Это было в начале дня, так что в кафе почти никого не было, кроме жирной леди, покупающей коробку писта-барфи и джалеби, двух холостяков в рабочей одежде, пьющих чалу-чай, и пожилой полячки, оставшейся здесь с тех давних времён, когда евреи пооткрывали вокруг сети своих фабрик, и целый день сидевшей в углу с пюре, парой овощных самос и стаканом молока, сообщая каждому, кто заглядывал сюда, что она здесь, ибо «здесь всё самое кошерное, а сегодня нужно делать лучшее из того, на что ты способен». Нервин расположился со своим кофе под аляповатым изображением гологрудой мифической дамочки с несколькими головами и пучками облаков, затеняющих её соски, выполненным в натуральную величину в лососёво-розовых, неоново-зелёных и золотых тонах, и поскольку основная суета ещё не началась, господин Суфьян обратил внимание на унылую мину своего посетителя.
— Эй, Святейший Нервин-Прыгвин, — пропел он, — зачем ты принёс свою плохую погоду в мой уголок? В этой стране не хватает туч?
Нервин зарделся, когда Суфьян подскочил к нему; маленький белый колпачок преданности был, как обычно, на месте, безусая борода была выкрашена красной хной после недавнего паломничества её обладателя в Мекку.

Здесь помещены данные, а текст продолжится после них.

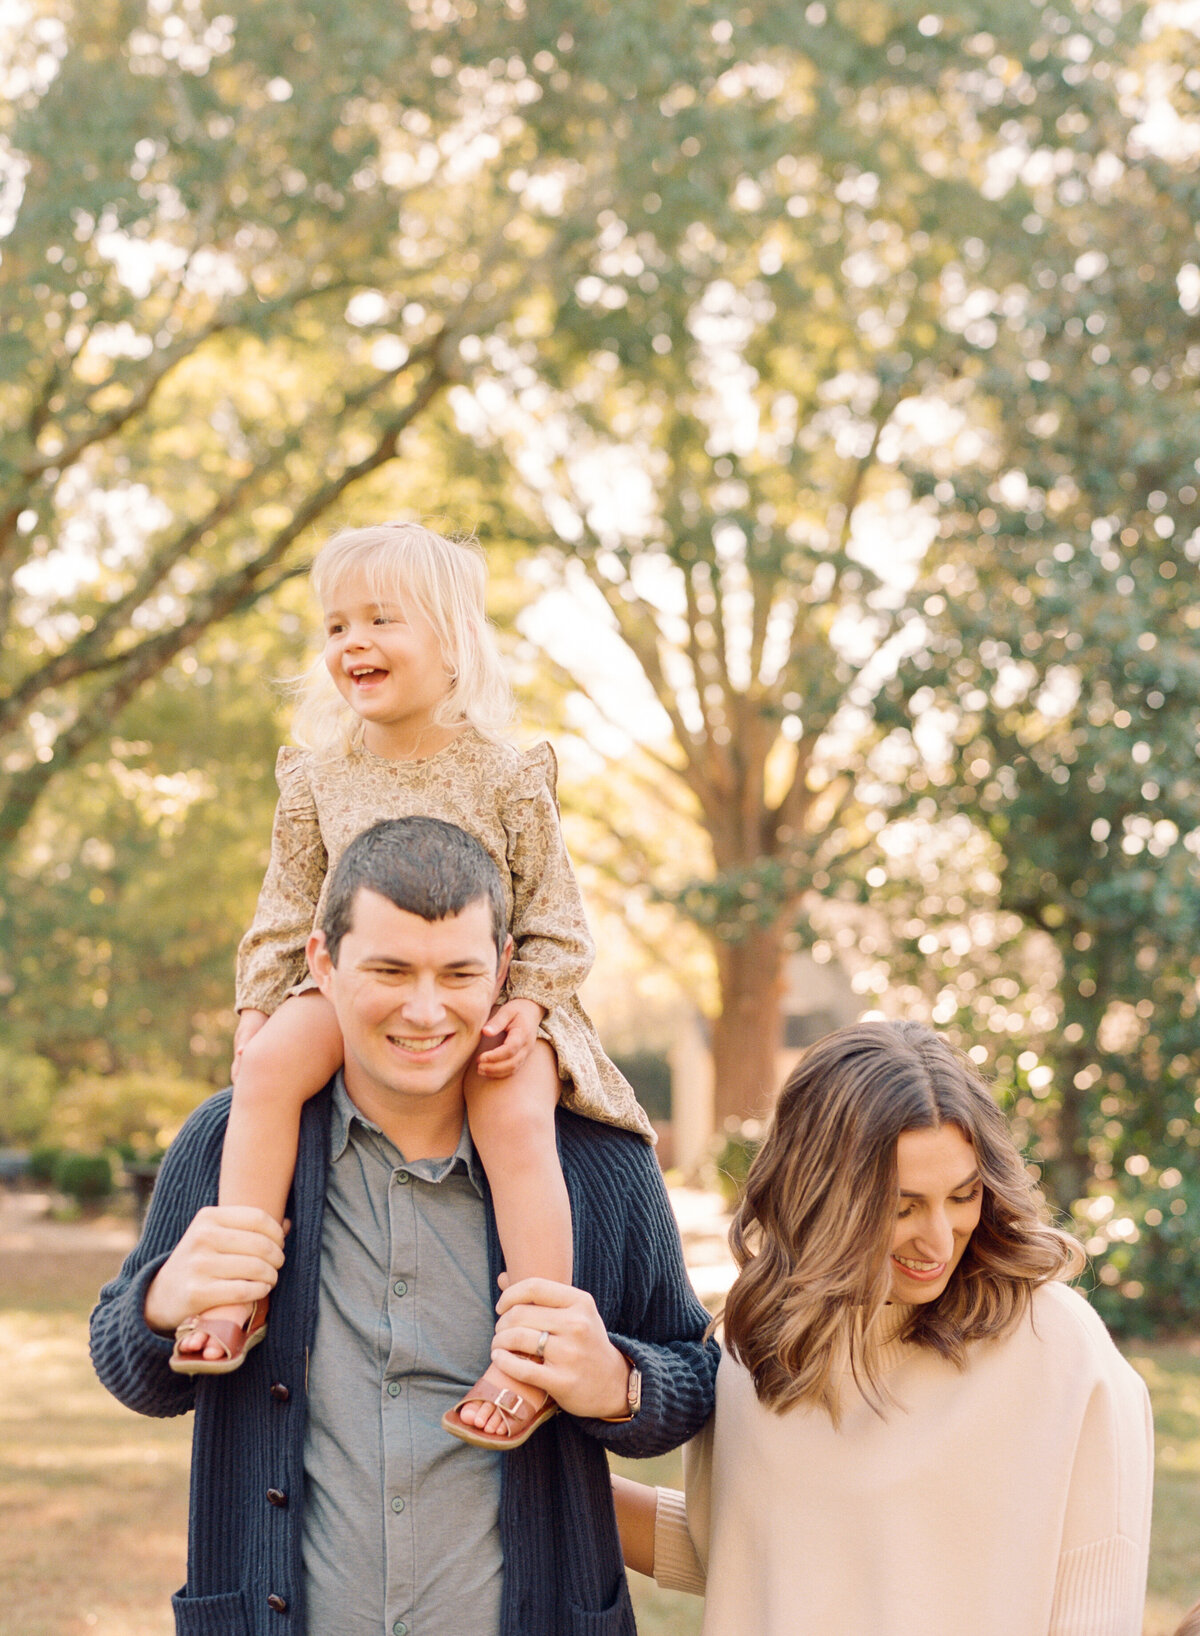 Toddler rides on her dad's shoulders during a fall family session in Raleigh. Family walking during their family portrait session in Wake Forest, NC. Photographed by Raleigh family photographer A.J. Dunlap Photography.
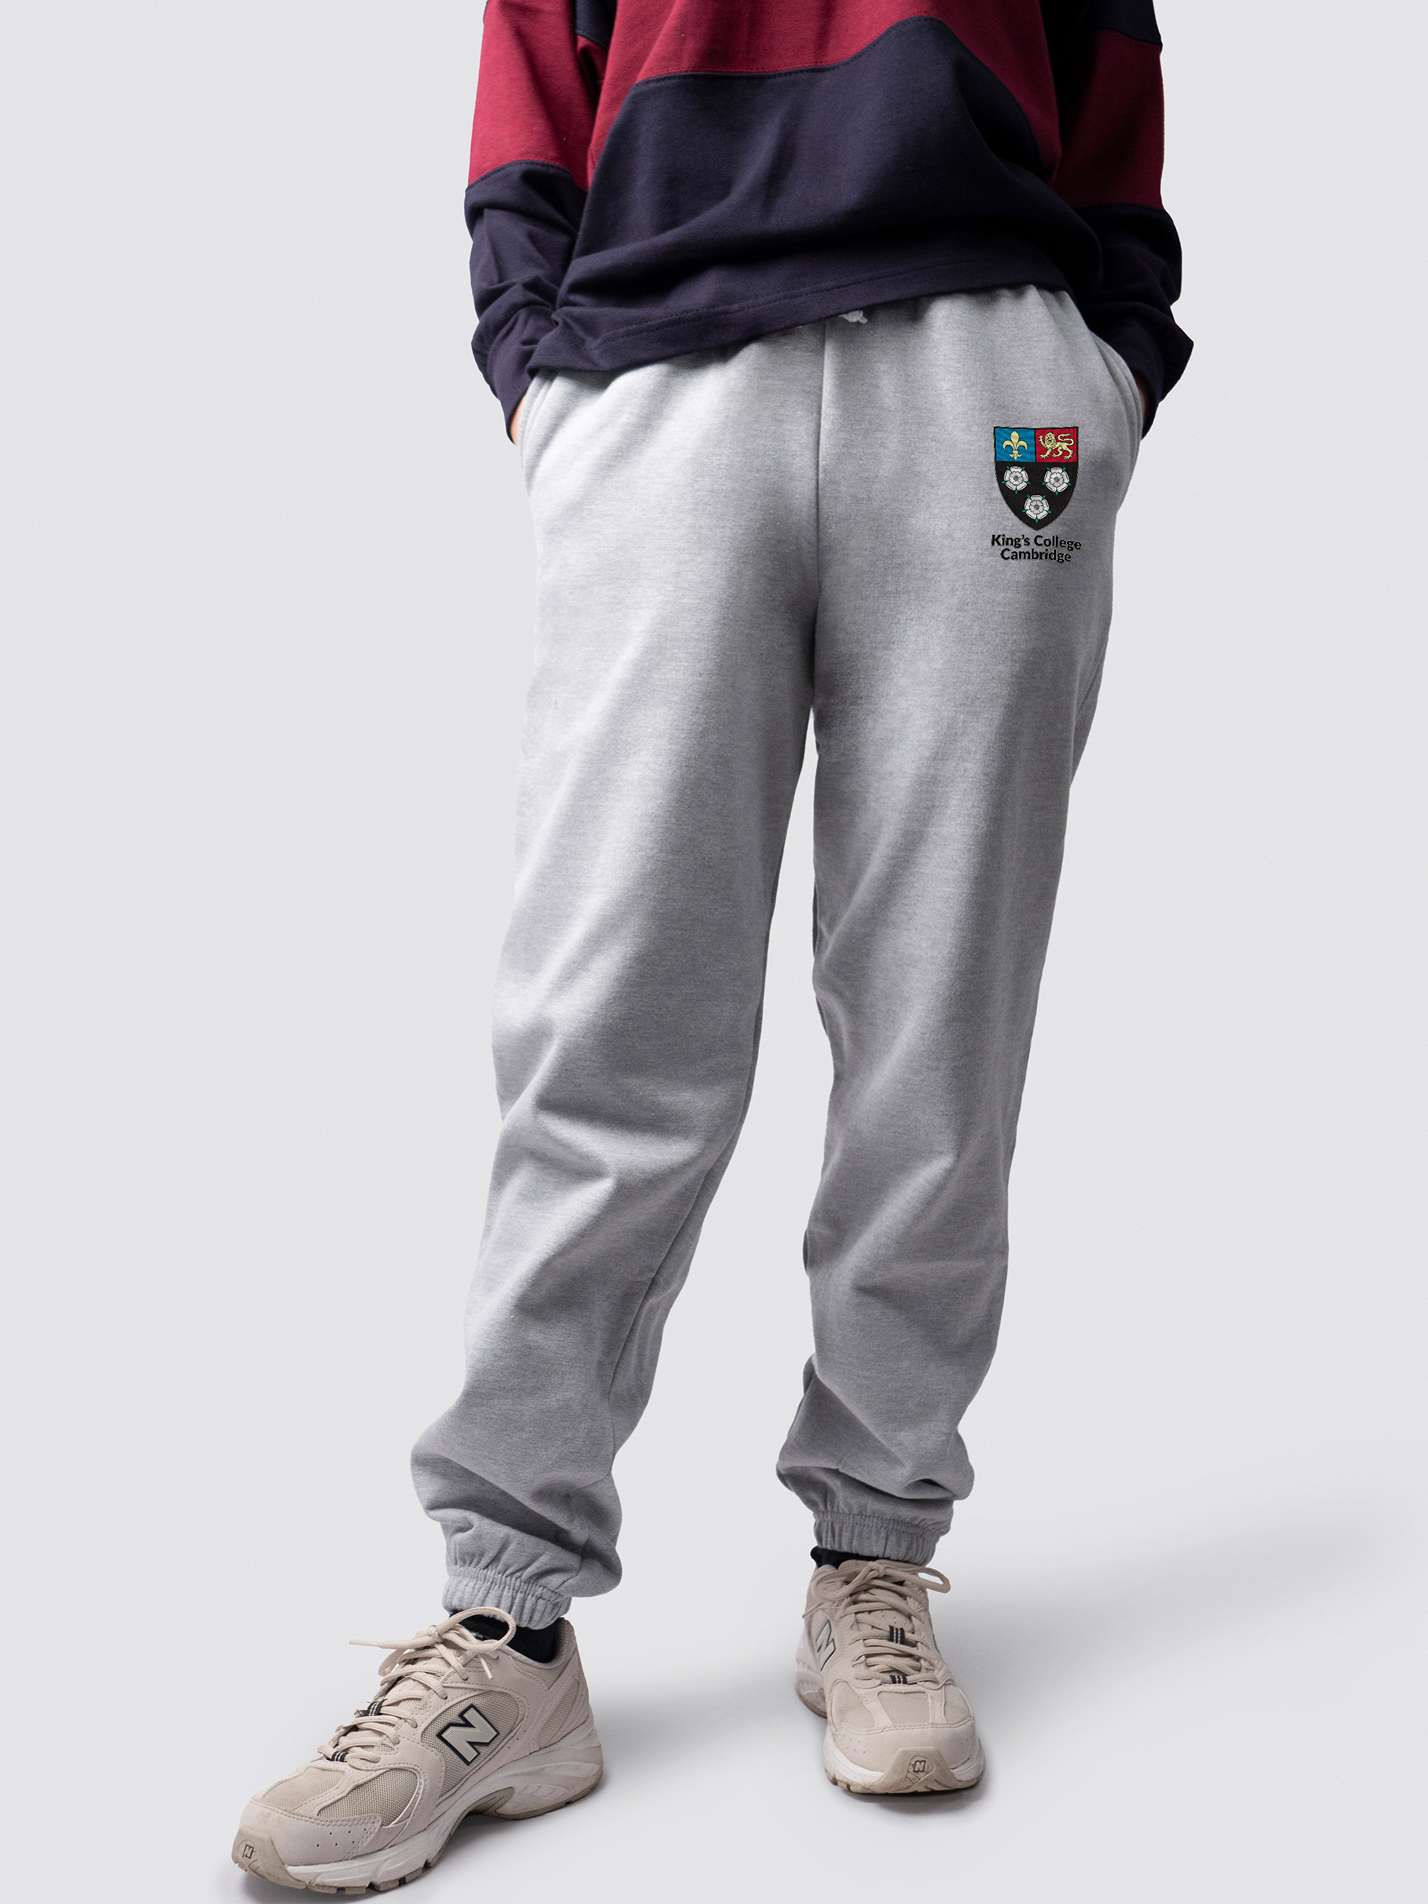 undergraduate cuffed sweatpants, made from soft cotton fabric, with King's logo

Мухаммед Суфьян, дородный, толсторукий мужчина с выступающим животом, был самым благочестивым и при этом чуждым фанатизму верующим, которого вы только могли встречать, и Джоши думал о нём как о своего рода старшем родственнике.
— Послушайте, дядюшка, — обратился он, когда хозяин кафе навис над ним, — вы думаете, я совсем идиот, или как?
— Ты нормально зарабатываешь? — поинтересовался Суфьян.
— Только не я, дядя.
— У тебя есть своё дело? Импорт-экспорт? Бар? Лавка?
— Я никогда не был силён в цифрах.
— А где члены твоего семейства?
— У меня нет никакого семейства. Есть только я.
— Тогда, должно быть, ты непрестанно молишься Богу, чтобы он наставил тебя в твоём одиночестве?
— Вы знаете меня, дядя. Я не молюсь.
— Тогда какие вопросы, — подытожил Суфьян. — Ты даже больший дурак, чем тебе кажется.
— Спасибо, дядюшка, — поблагодарил Нервин, допивая кофе. — Вы мне очень помогли.
Суфьян, зная, что его любовь к подтруниванию ободрила собеседника, несмотря на вытянувшееся лицо последнего, подозвал только что вошедшего светлокожего, синеглазого азиата, моментально скинувшего пальто с экстраширокими лацканами.
— Вы, Ханиф Джонсон, — позвал он, — подойдите сюда и раскройте тайну. — Джонсон, блестящий адвокат и местный добрый малый, содержавший офис этажом выше Шаандаар-кафе, оторвался от двух прекрасных дочерей Мухаммеда и уселся во главе стола Мервина. — Разъясните этому парню, — молвил Суфьян. — Поражает меня. Не пьёт, думают о деньгах как о болезни, у него, кажись, две рубашки и нет видеомагнитофона, сорок лет от роду и притом не женат, пашет за пару пайс в спортивном центре, изучая боевые искусства и что-то там ещё, живёт на открытом воздухе, ведёт себя, словно какой риши или пир, но ни во что не верит, нигде не ходит, но вроде как знает какую-то тайну. Всё это плюс колледжское образование, вам решать.
Ханиф Джонсон хлопнул Нервина по плечу.
— Он слышит голоса, — произнёс он.
Суфьян всплеснул руками в притворном изумлении.
— Голоса, уп-баба! Голоса откуда? Из телефона? С небес? Из «Сони»-плейера, скрытого под его пальто?
— Внутренние голоса, — торжественно заявил Ханиф. — На его столе лежит стопка бумаги с какими-то стихами, написанными им. И озаглавленными «Река Крови».